Q&A with David Paris, Vik Patel and Tim Cloe
Illustration by Jonathan Hankin
David Paris of Paris Ackerman & Schmierer is in this year’s newest Legal Eagles Hall of Fame class, those who have been so named for 10 years. The franchisee attorney sees issues from the other side of the FDD, especially where mergers and acquisitions are concerned. Paris and two of his clients, Vik Patel and Tim Cloe—both large operators in the Dunkin’ Donuts system—discuss the importance of having an attorney with a business mindset.
How did you two choose to work with David?
Vik Patel: David has been my attorney for almost 4 years now, actually referred to me by my accountant. At the time I was looking for a new attorney to work on a partner buyout for me, and we’ve worked with Dave exclusively ever since. After that transaction, it was clear that we were cut from the same cloth.
Tim Cloe: I first met David and his firm when I was doing what at the time was my largest transaction. I was impressed with the fact that David and his partner both think like business people. They’re not doing a “lawyerly” act just to do something. There are a lot of times that I look at the work of the attorney on the other side of a transaction, and I say, “My lord, it doesn’t have to be this difficult.”
David can get the parties to a deal in a simplified way by thinking like a businessperson as well as an attorney.

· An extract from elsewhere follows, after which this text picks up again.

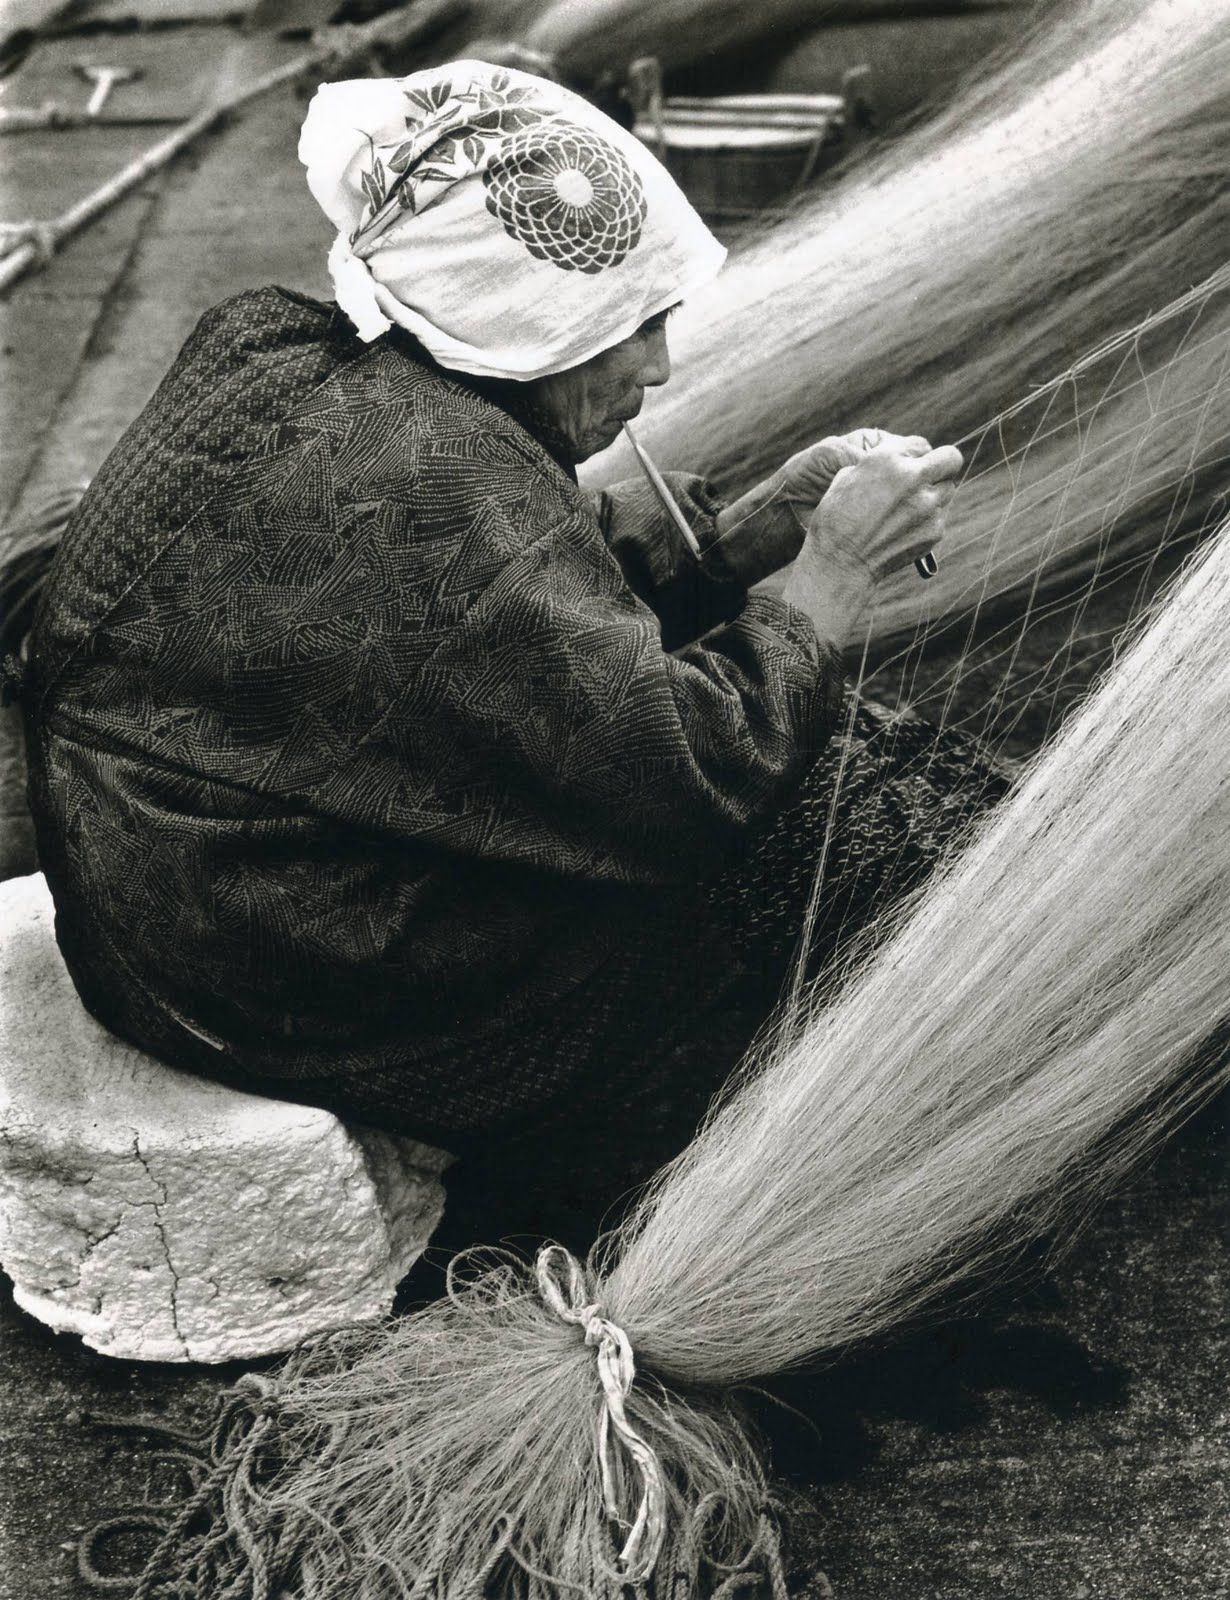 Mending fish net: photo by Linda Butler from Rural Japan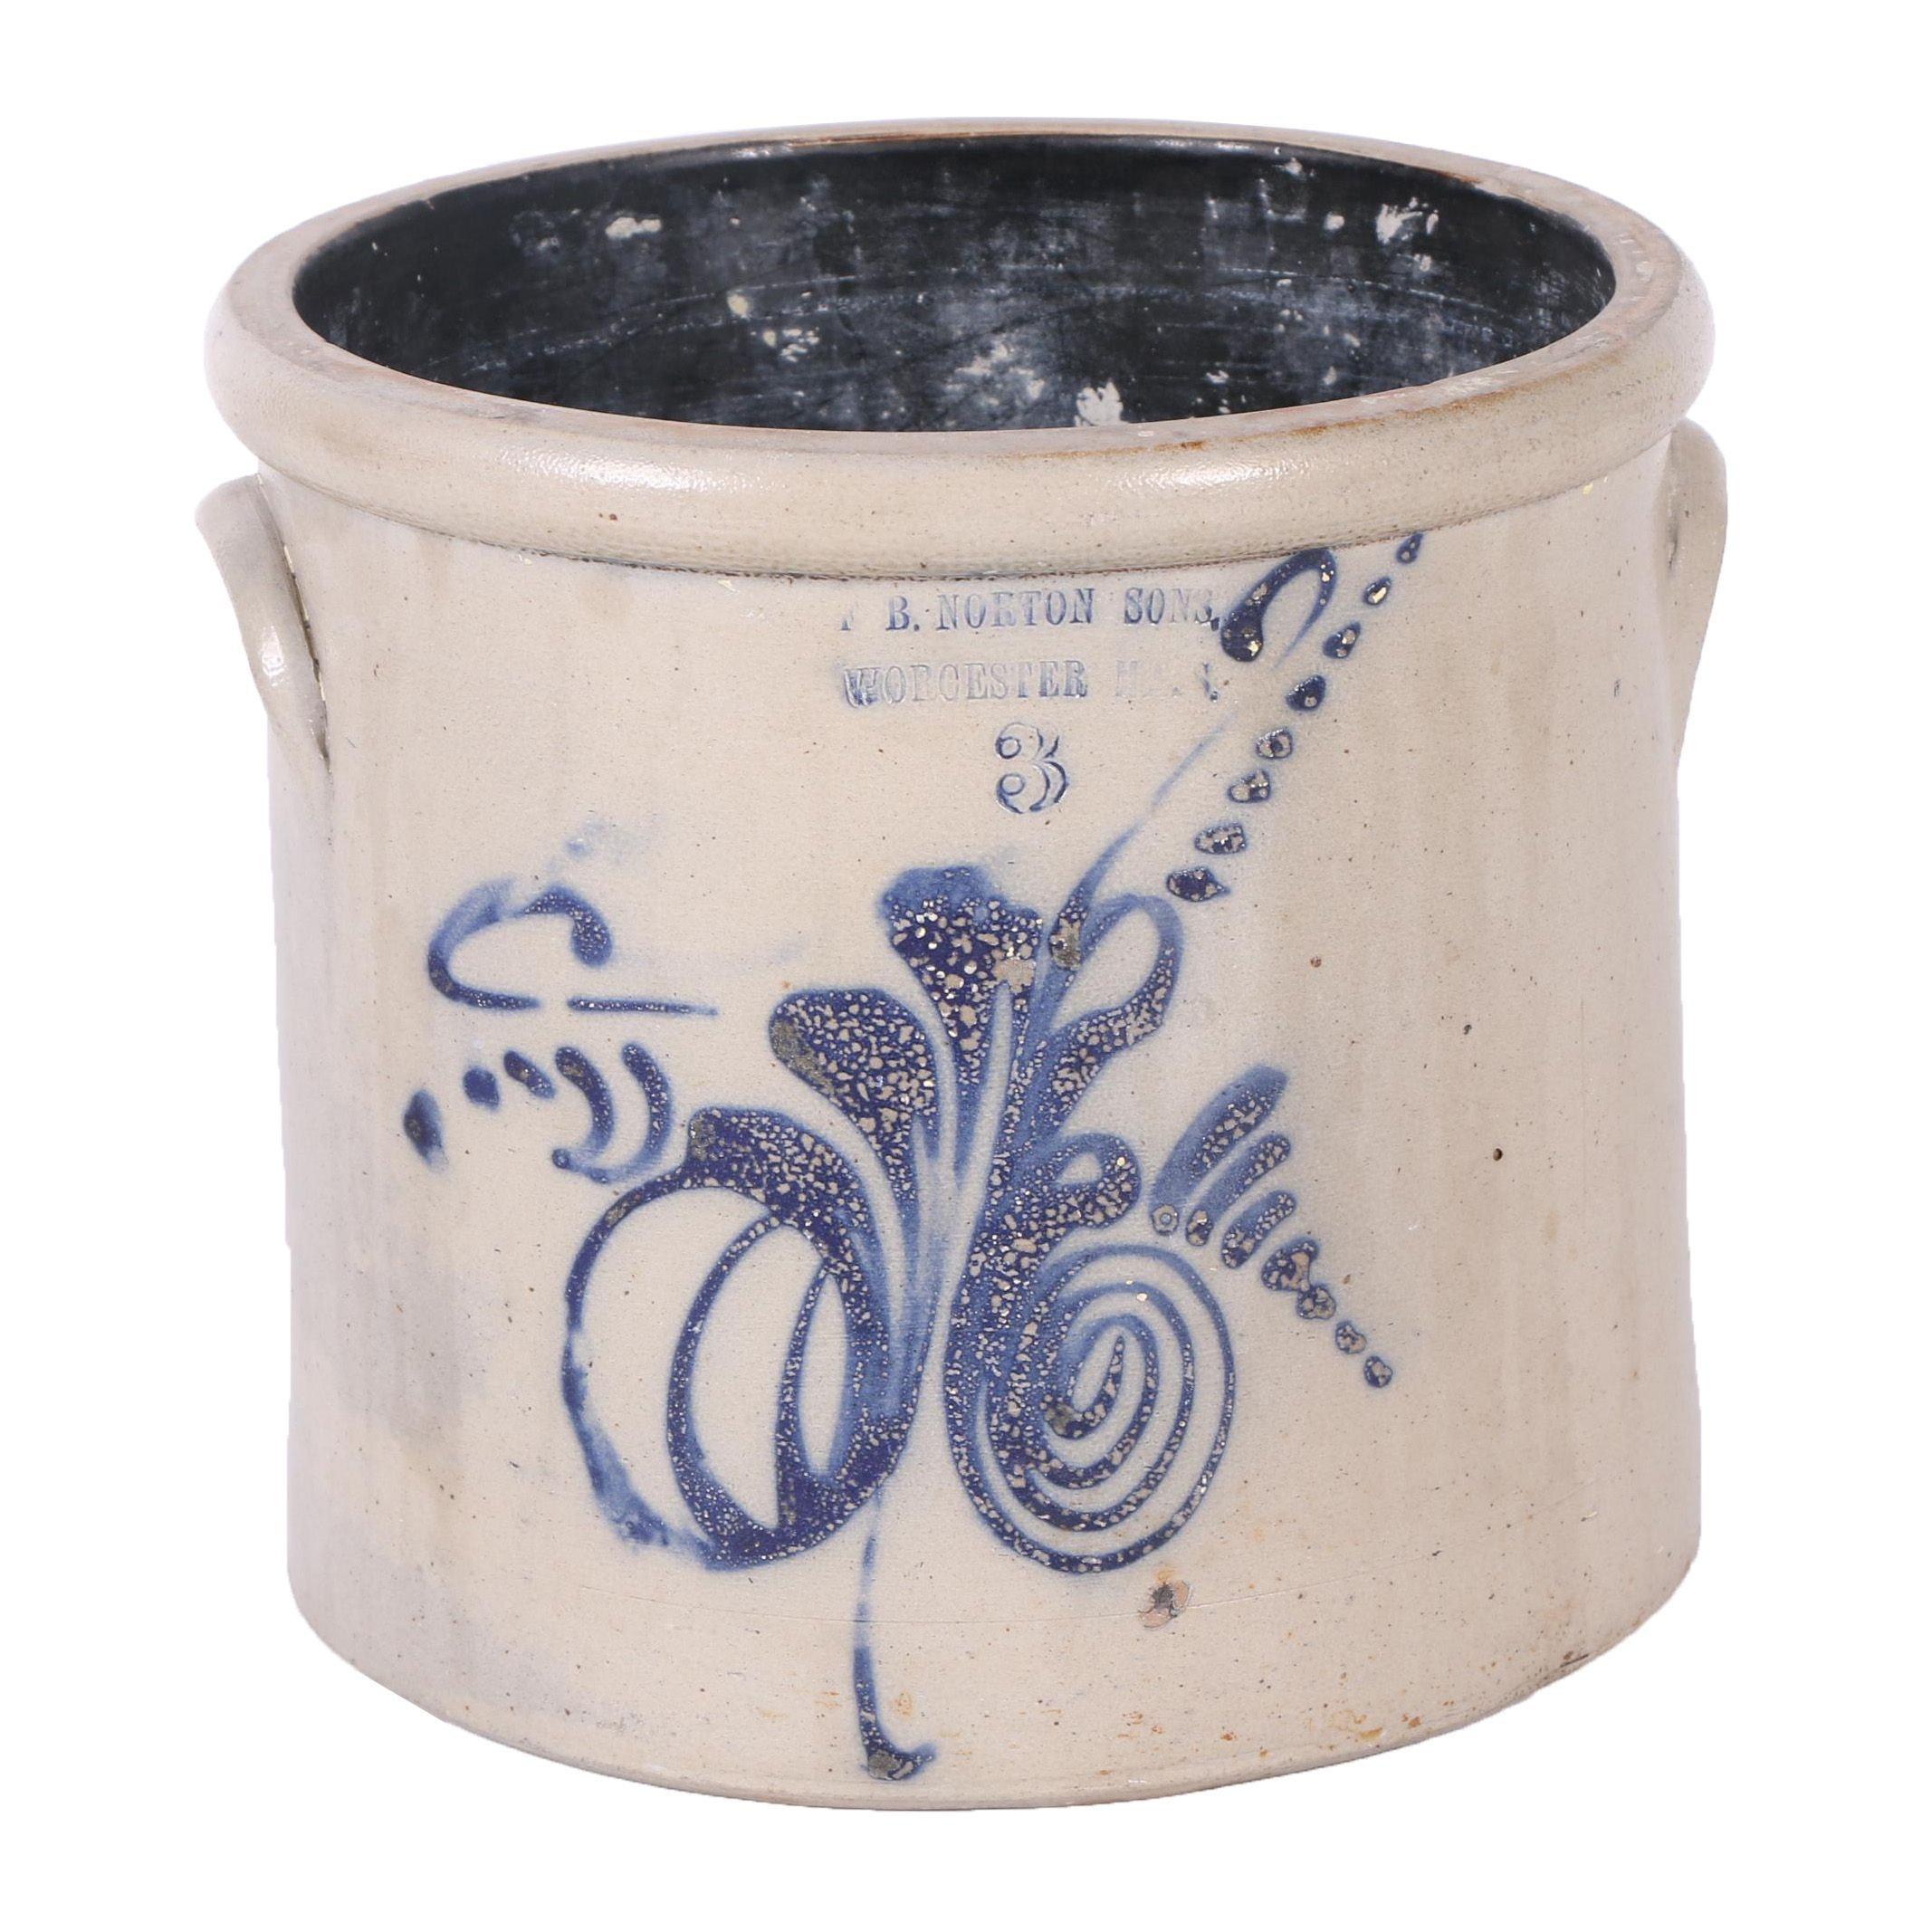 Antique F.B. Norton Sons of Worcester, MA Salt Glazed Stoneware 3-Gallon Crock

And David, you now have a body of clients, how do you vet prospective clients and then keep them happy?
David Paris: It’s my firm’s policy where we don’t want to represent someone who isn’t going to get the deal done. You’ll probably roll your eyes, but we don’t relish taking people’s money if we can’t perform.
I think the like-mindedness and communication is huge. One of the best things we do at my firm is getting back to people immediately, within three or four hours rather than letting two days go by. I fit in there really smooth because we have the same mindset. There are a lot of people in the industry that I’d call an impediment to progress.
So far in working with each of these guys, we’ve been able to avoid that because we’re on the same page.
What did David do to become your exclusive outside counsel?
Vik Patel: Dave truly does put a premium on the fact that if I need or Tim needs something done, he really cares. You don’t see that very often where you have somebody that is business-minded that is an excellent communicator.
He understands what my long-term plans are. If your attorney has an understanding of what you’re planning to do and isn’t trying to gouge you to get there and wants to be a part of that growth, that to me is a big thing. He’s just in tune with what we’re trying to do. He’s been one of the key contributors to helping me grow. He genuinely seems to care. A lot of guys I speak to don’t have anywhere near that kind of relationship with their attorneys.
Tim Cloe: I’d add that franchise finance is a particularly specialized field, so the accumulated knowledge in the field is important. David will spot things in a transaction or in a document because he’s run across that issue before. And not only does that make for a better document and better deal, but it’s also nice that I’m not paying to train someone on the job.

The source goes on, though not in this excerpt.